I believe Warren Spector enjoys much of his positive (and IMO well-deserved) reputation since the days of Ultima Underworld: The Stygian Abyss because the games he produces tend to occupy a smart middle ground between these two extremes. There's a definite story being told in his games, but players are -- by design -- able to approach that story through any of a number of supported playstyles. At a high level, these games are linear; but at any moment of play there's considerable freedom to take different paths in solving story-related problems -- even more so than in, say, Valve's highly-regarded Half-Life games in which the player-character is sometimes literally "on rails."
So why haven't the Spector-type games been more successful commercially? I don't say that as a criticism; I happen to enjoy those games more than any other. But I think it's a valid question from a business-oriented game design perspective. Is something distinctive lost when both designer and player have equal billing as "the storyteller" of a game?
I have only slight familiarity with BioShock, but from what I gather from friends, you can progress through that game following a variety of very different paths. Even then, you are running on rails laid by the game designer. In this case, you have a multi-threaded set of rails, but a set of rails, nontheless.
A better example of user created authorship would probably be Ultima Online. In UO, there were no quests to speak of. There were dungeons to explore, and critters to kill above ground, but these were mostly for resource gathering, not story telling. Origin supplied the stage, and players supplied the stories, and there were as many stories as there were players. Some stories were obscure, and some stories spanned an entire shard, and some became know across other shards.
I have personal experience with a player war between two guilds that involved not only our two guilds on UO Siege Perilous, but featured a web of alliances that formed and broke, included betrayals, heroism, double crosses, victories and defeats for both sides as the shifting fortunes of the war ebbed and flowed. Hundreds of players were involved in this war, either directly or indirectly, and it spilled out of the game and into the UO forums, and various respective guild forums. It lasted for a couple of years. None of it was developed, coordinated, or even acknowleged by Origin, and yet it remains my most significant gaming experience of the last decade.

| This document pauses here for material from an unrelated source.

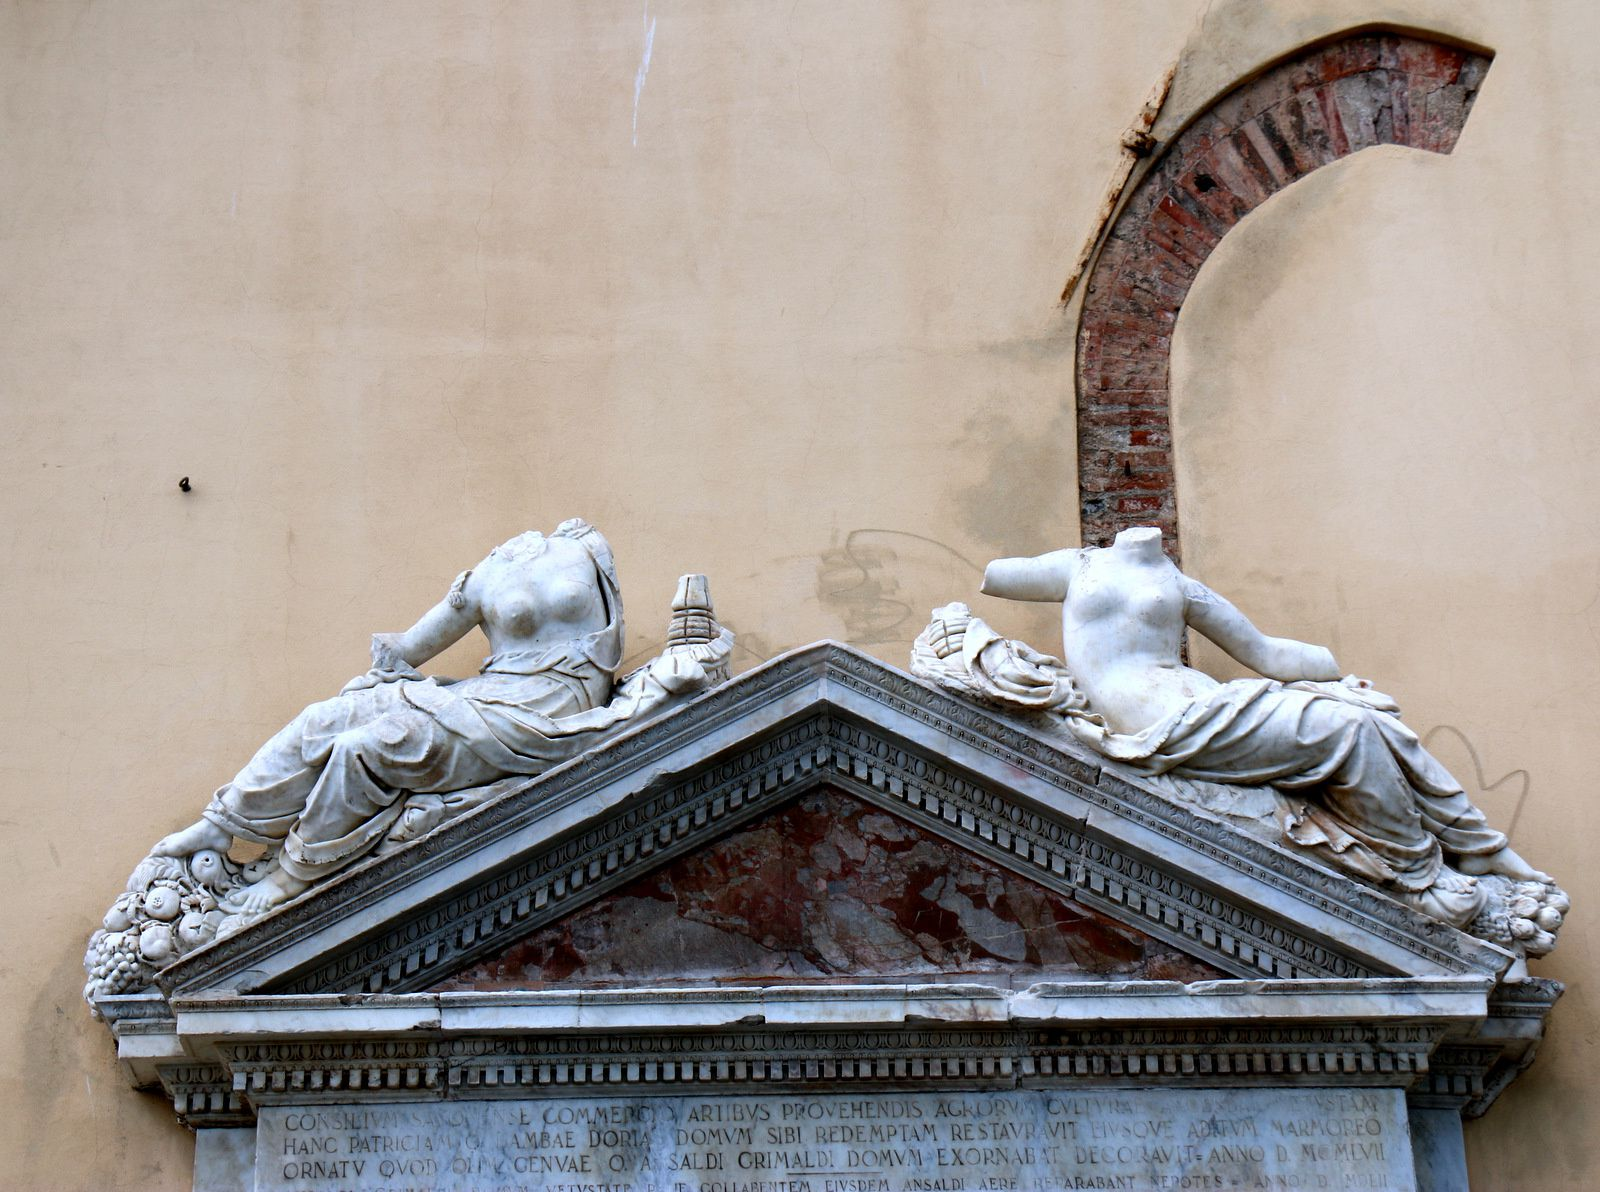 Eglise Sainte Lucie, Savone (Italie)

I can see where Warren Spector may not like the idea of user generated content, but in both Ultima Online and in the late lamented Shadowbane, the stories generated by the players themselves were far superior to any of the thin homogonized, sanitized, repetative gruel supplied by most game developers.
I'm sure developers like Spector have tales they want to tell. Based on recent game failures, many players are not interested in what they have to offer.
Give us a compelling world, and then get out of our way. More often than not, at least in the MMO world, you are an obstacle, not a resource.
But Spector has discovered a new medium. A medium for storytelling that did not exist before. It is only a historic coincidence that this medium came out of games.
This new medium's interactivity introduces an entirely new range of possibilities for storytelling. Authors will develop ways of including the player in the telling without having to give up their role. Such active involvement of the public has in fact been a dream of many artists for many centuries. We have finally developed a technology that is capable of realizing this dream. But it will take some time to understand how to do this well.